How PQ compresses vectors into codes
In product quantization (PQ), compression is done per subvector. Each subvector is compared to the centroids in that subspace’s codebook; the index of the nearest centroid becomes that subvector’s code. The full vector is stored as the concatenation of these codes—e.g. 8 bytes for 8 subvectors with 256 centroids each (8 bits per code). No raw floats are stored for the vectors; only the codes and the codebooks are kept, which is how PQ achieves large memory savings.
Summary
- Encode: split → argmin to codebook per subvector → output indices. Decode: replace code with centroid, concatenate. Search: sum per-subspace distances (query subvector to DB code’s centroid) via precomputed tables—no decode.
- Finer codebook (larger k) → better approximation, more bits. Tune m and k for compression vs. accuracy.
- Pipeline: train codebooks → encode DB vectors as m codes → at query, build m×k distance table, sum over codes. No decode for search.

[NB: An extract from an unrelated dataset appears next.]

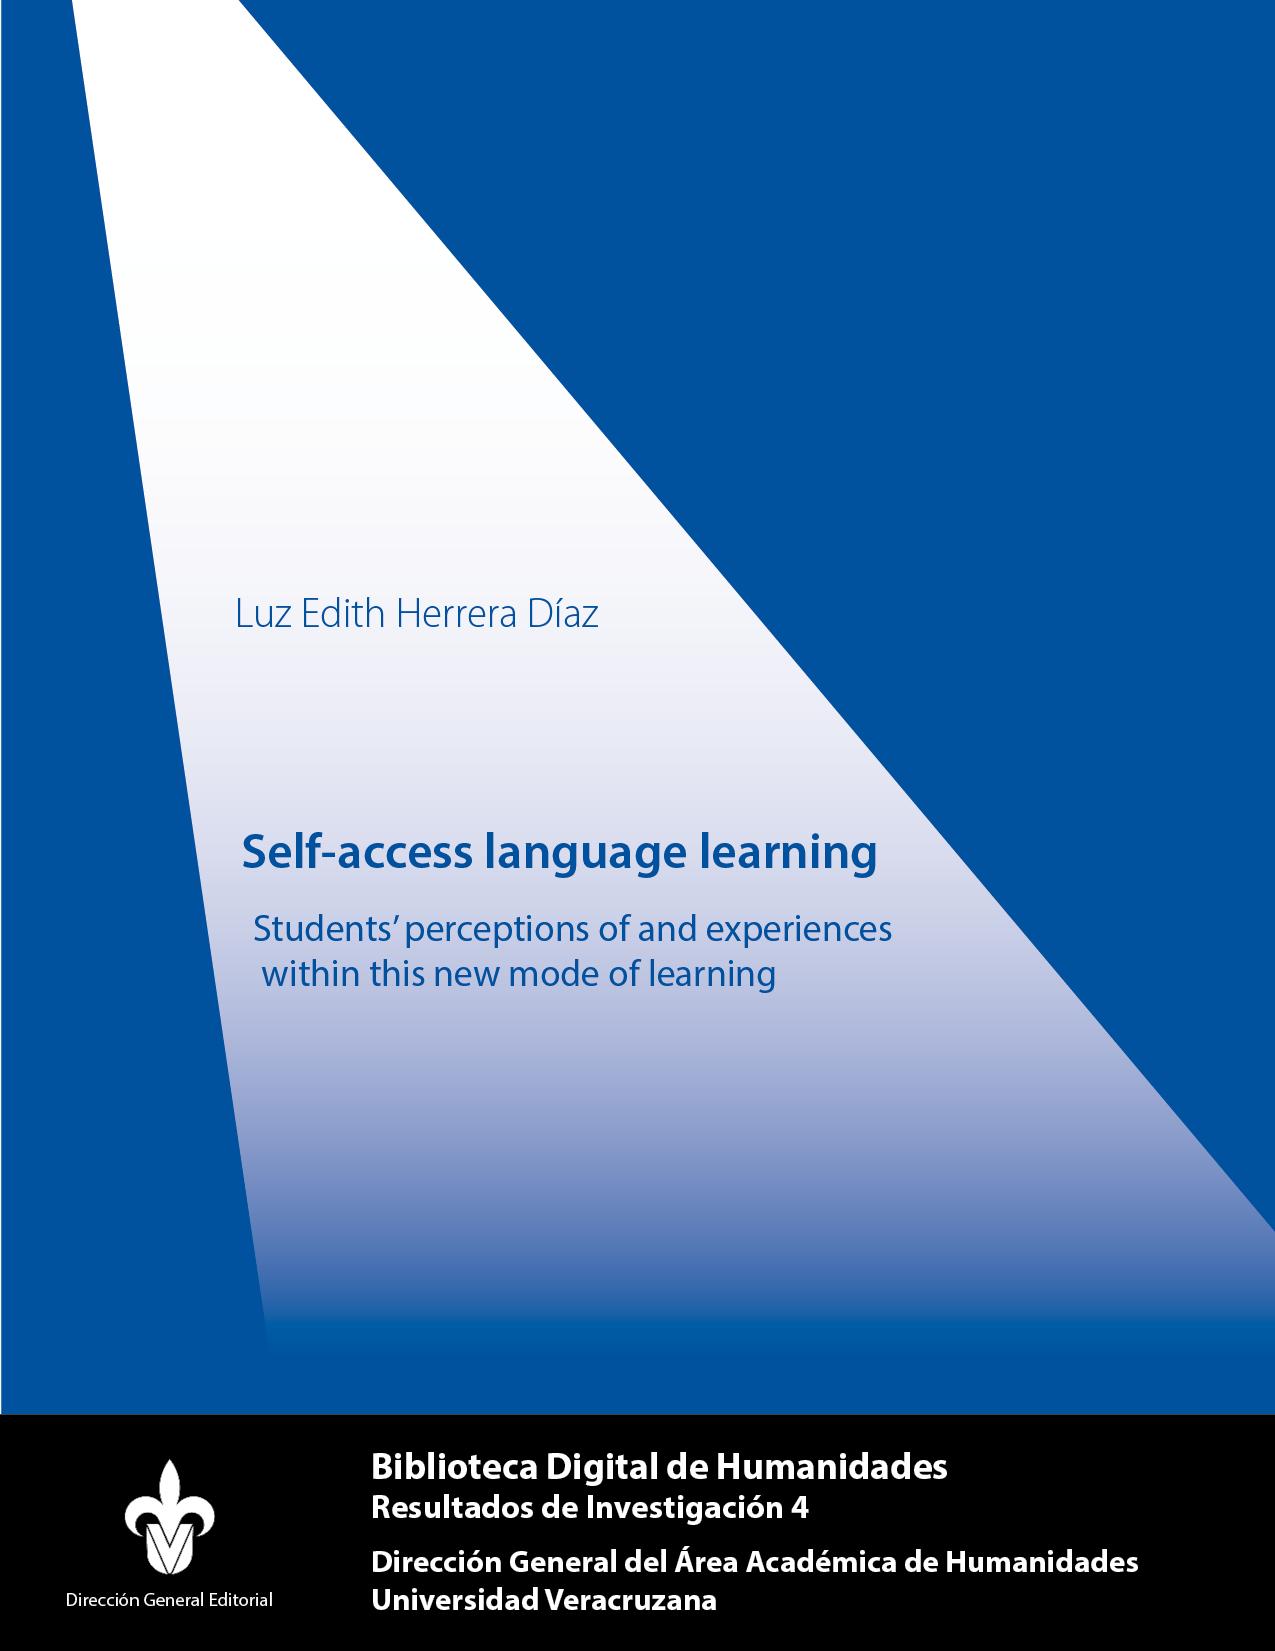 Self-access language learning

- Trade-off: more bits (larger k or m) improves accuracy and memory; product quantization (PQ) explained and the concept of codebooks in PQ give full context.
Encode and decode
Encoding is one pass per vector: split into subvectors, for each subvector find argmin distance to the codebook centroids, output the centroid index. Decoding (reconstructing an approximate vector) is done by replacing each code with the corresponding centroid from the codebook and concatenating. For search we usually don’t decode; we approximate distances by summing, per subvector, the distance from the query subvector to the centroid pointed to by the database code. Those per-subspace distances can be precomputed for the query and stored in a small table, then each database vector’s distance is just a sum of table lookups—very fast.
Accuracy vs. compression
The loss in accuracy comes from replacing each subvector with the nearest centroid; the finer the codebook (more centroids per subspace), the better the approximation but the more bits per code and the larger the codebooks.
Practical tip: start with m=8, k=256; measure recall and compression. Combining IVF and PQ (IVFPQ) uses these codes inside each cluster; optimized product quantization (OPQ) and residual quantization (RQ) improve accuracy at similar or slightly higher cost.
Frequently Asked Questions
How many bits per vector in PQ?
m × log2(k). For m=8, k=256: 8×8 = 64 bits = 8 bytes. Compare to 128-d float32: 512 bytes—64× compression.
Why not decode for search?
Decoding would expand codes back to vectors and then compute distance—slower and uses more memory. Lookup-table distance is O(m) adds per vector, no decode.
Are codes stored per vector or per cluster?
Per vector. In IVFPQ, each vector in the inverted list is stored as its PQ codes; codebooks are shared across all vectors.
Can I use PQ without IVF?
Yes. Flat PQ stores only PQ codes; query scans all vectors. Still much faster than float scan due to lookup-table distance and less memory. See IVFPQ for the combined design.